1.3.2. Объект, ускользающий от субъекта, трансцендентен, потусторонен личностному существованию. Его можно лишь мыслить. Его место — в воображении. Он есть объект фантазии («Весь мир в одних моих мечтах», — как писал Сологуб[299]).
В своей погруженности в имагинативность истерик оказывается склонным к психологизированию, к объяснению внешнего мира через внутренний. Истерик открывает в плодах своего труда результат психического процесса, думает о культуре как психолог (М. Нордау).
Неразличенность объекта создавала в символистскую эпоху предпосылки для написания текстов, критикующих женщину в качестве естественной цели мужского влечения (таков рассказ Кузмина «Высокое искусство» и его же романы «Крылья» и «Плавающие и путешествующие»).

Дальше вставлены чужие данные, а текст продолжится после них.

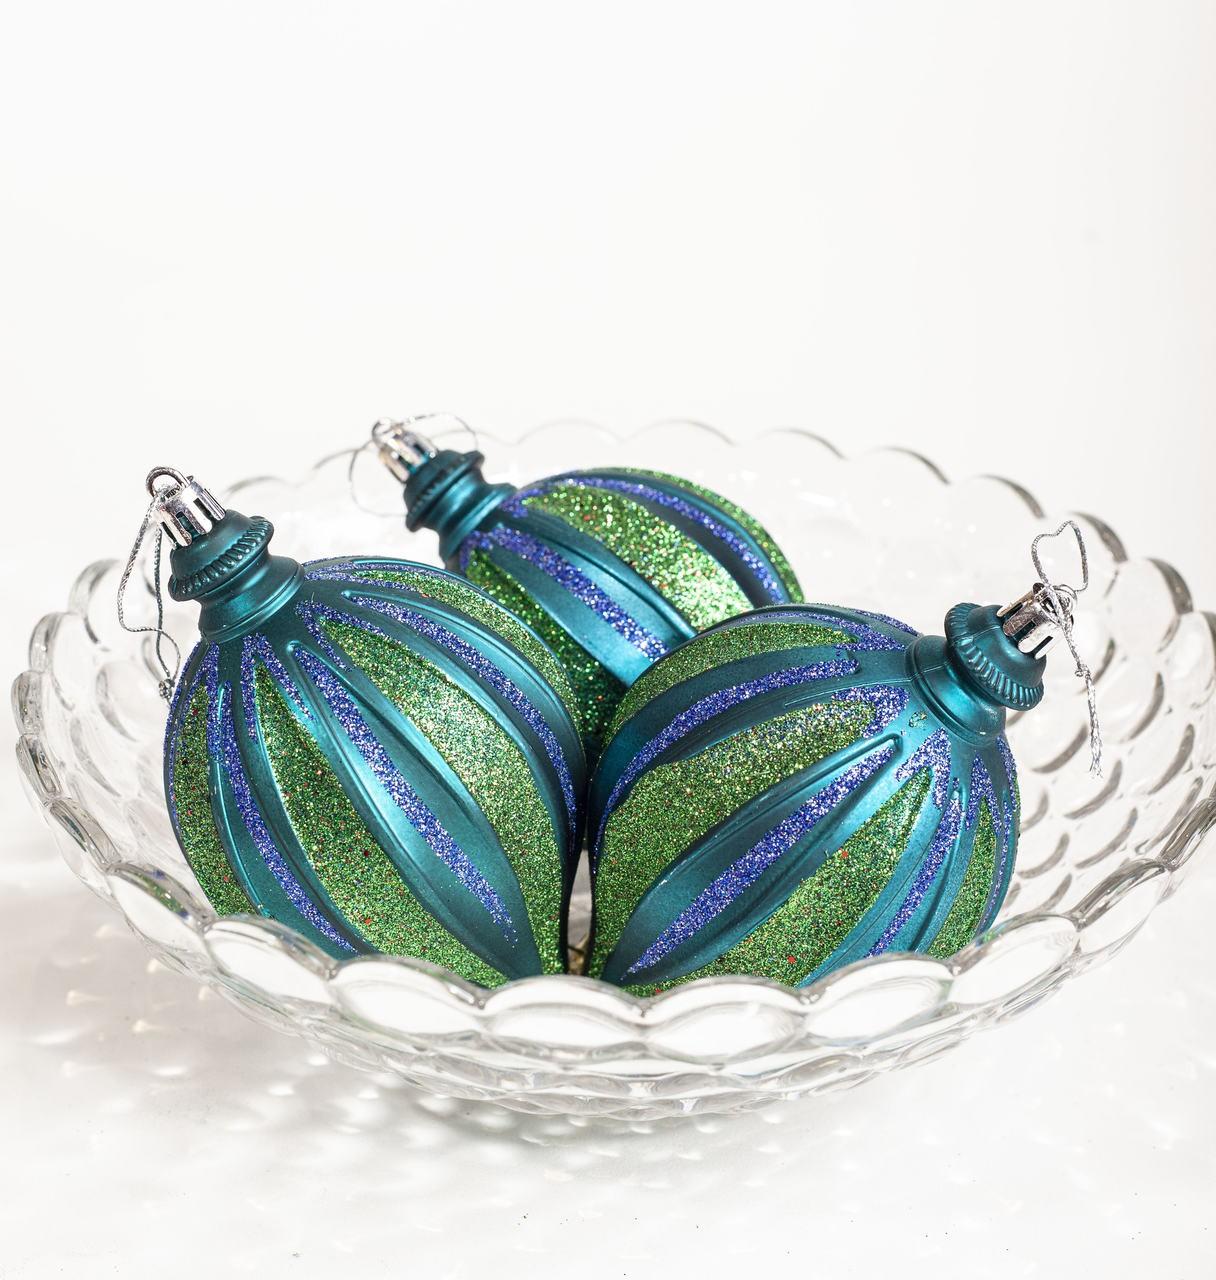 Bola Pião Natalina Verde Azulado Com Listras Brilhantes - 3 Un
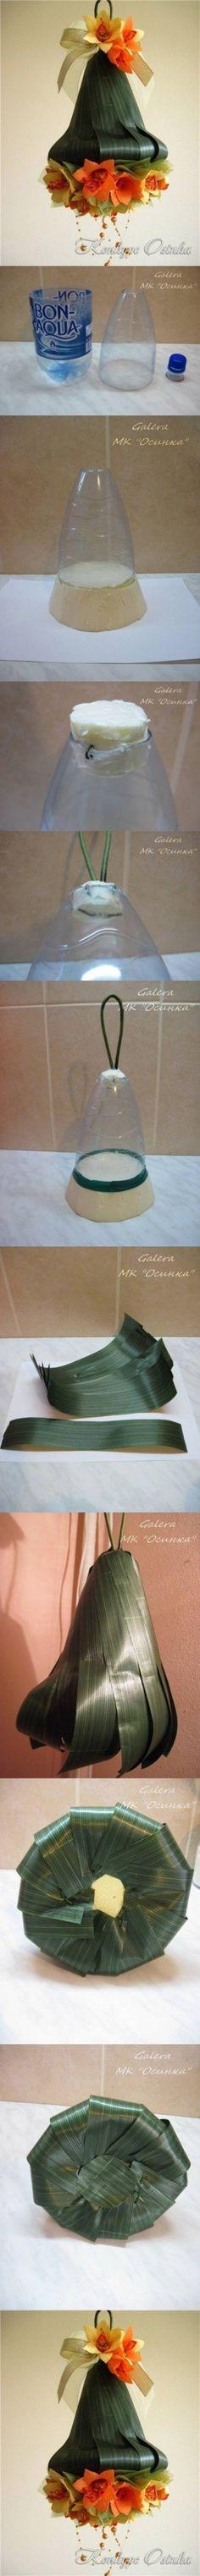 Botella de plástico DIY de Bell Ornamento DIY Proyectos

В рассказе Анат. Каменского «Женщина» некий адвокат влюбляется в мужчину (Нежданова), переодевшегося ради шутки в платье его сестры. В «Царице поцелуев» Сологуба героиня хочет отдаться сразу всем жителям ее города (= еще один вариант неразличения цели, к которой стремится символистская сексуальность):
— Юноши этого города и других городов и селений, ближних и дальних <т. е. целого мира. — И.С.>, придите все в объятия мои, насладитесь любовью моею, потому что я — царица поцелуев…[300]

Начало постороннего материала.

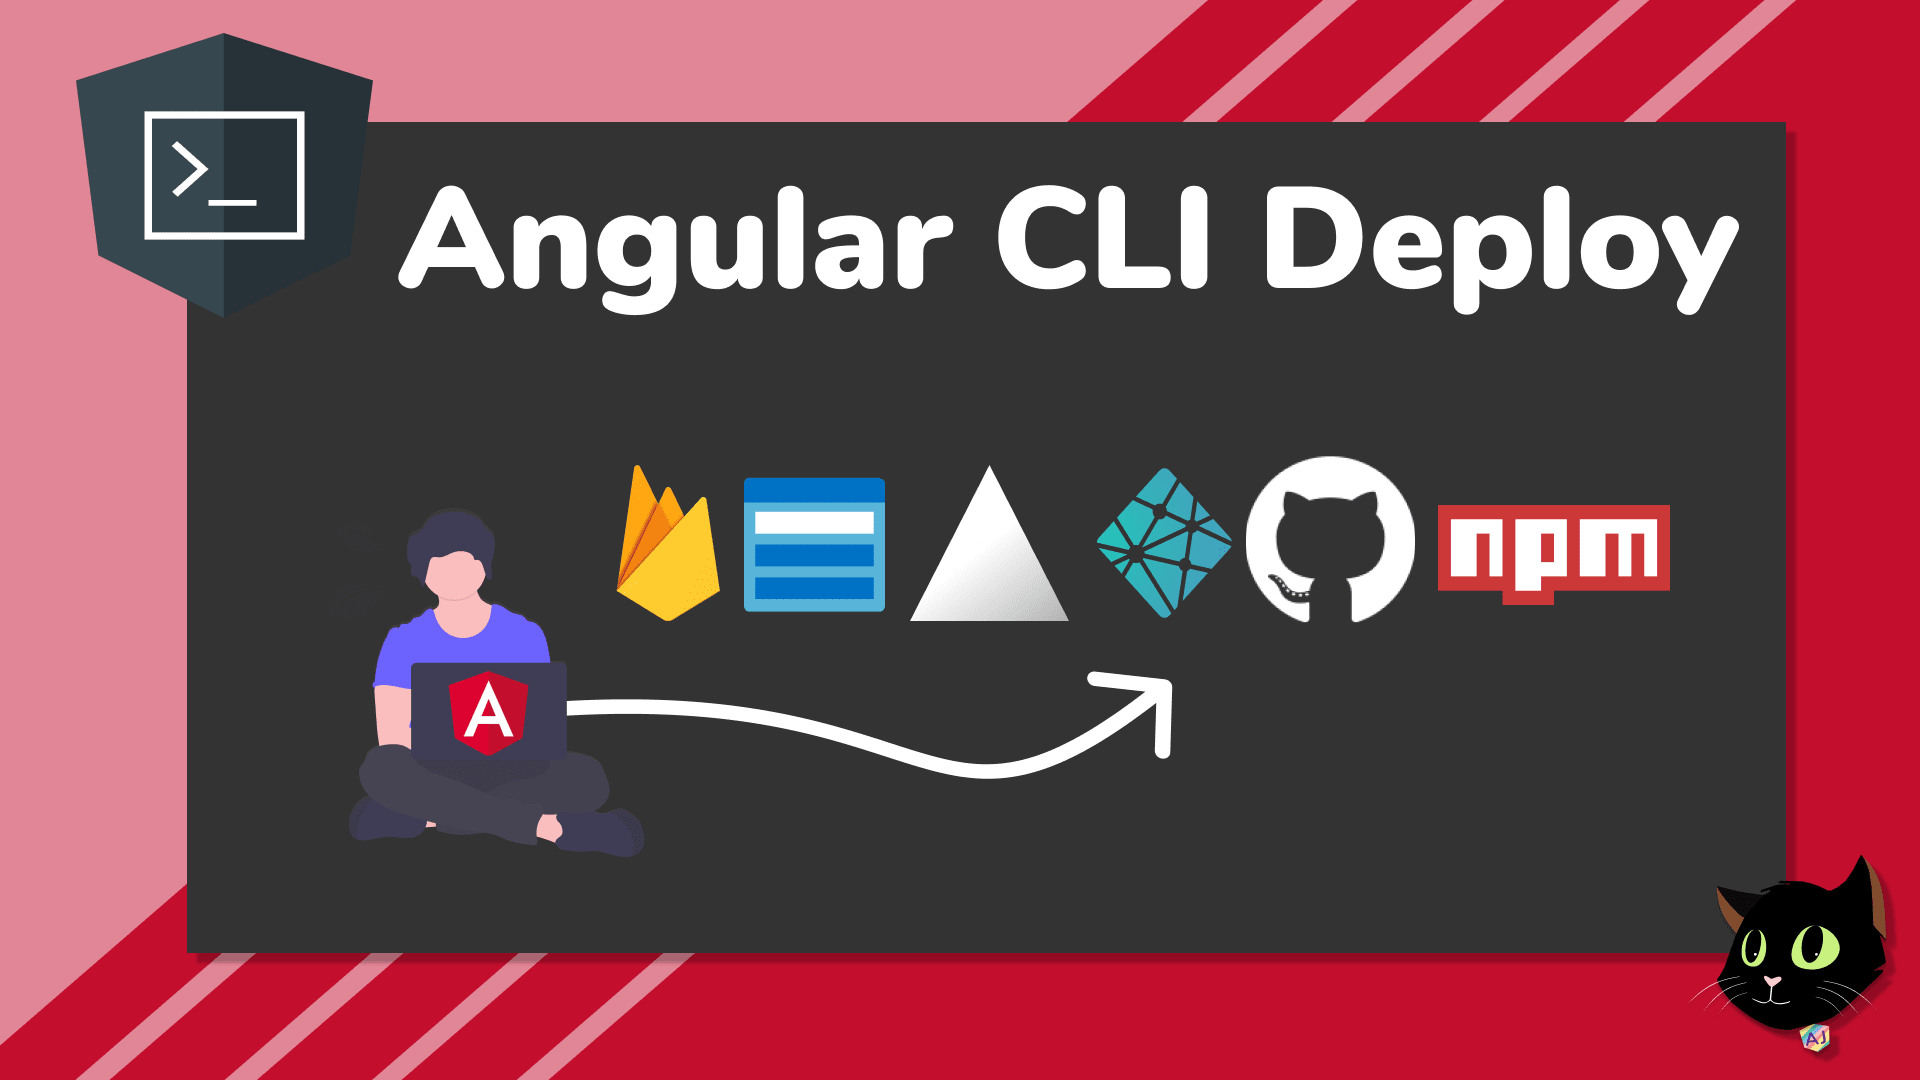 Angular CLI Deploying

Овладеть неким реальным объектом означает для символистов, тут же потерять его. В «Леде» Анат. Каменского героиня сразу после спровоцированного ею полового акта бросает мужчину: «— Вы никогда к нам больше не придете, Володя, — говорила Леда, — я никогда вас не позову…»[301] Заглавный герой скандального в свое время романа Арцыбашева «Санин» лишает невинности девицу, но она тут же навсегда расстается с соблазнителем. В этом же романе находим знаменательное для истерического символизма оправдание права на заблуждение при подходе к объекту: Санин уговаривает Новикова жениться на своей сестре Лиде, беременной от другого, утверждая, что молодой женщине естественно ошибаться, выбирая себе «самца».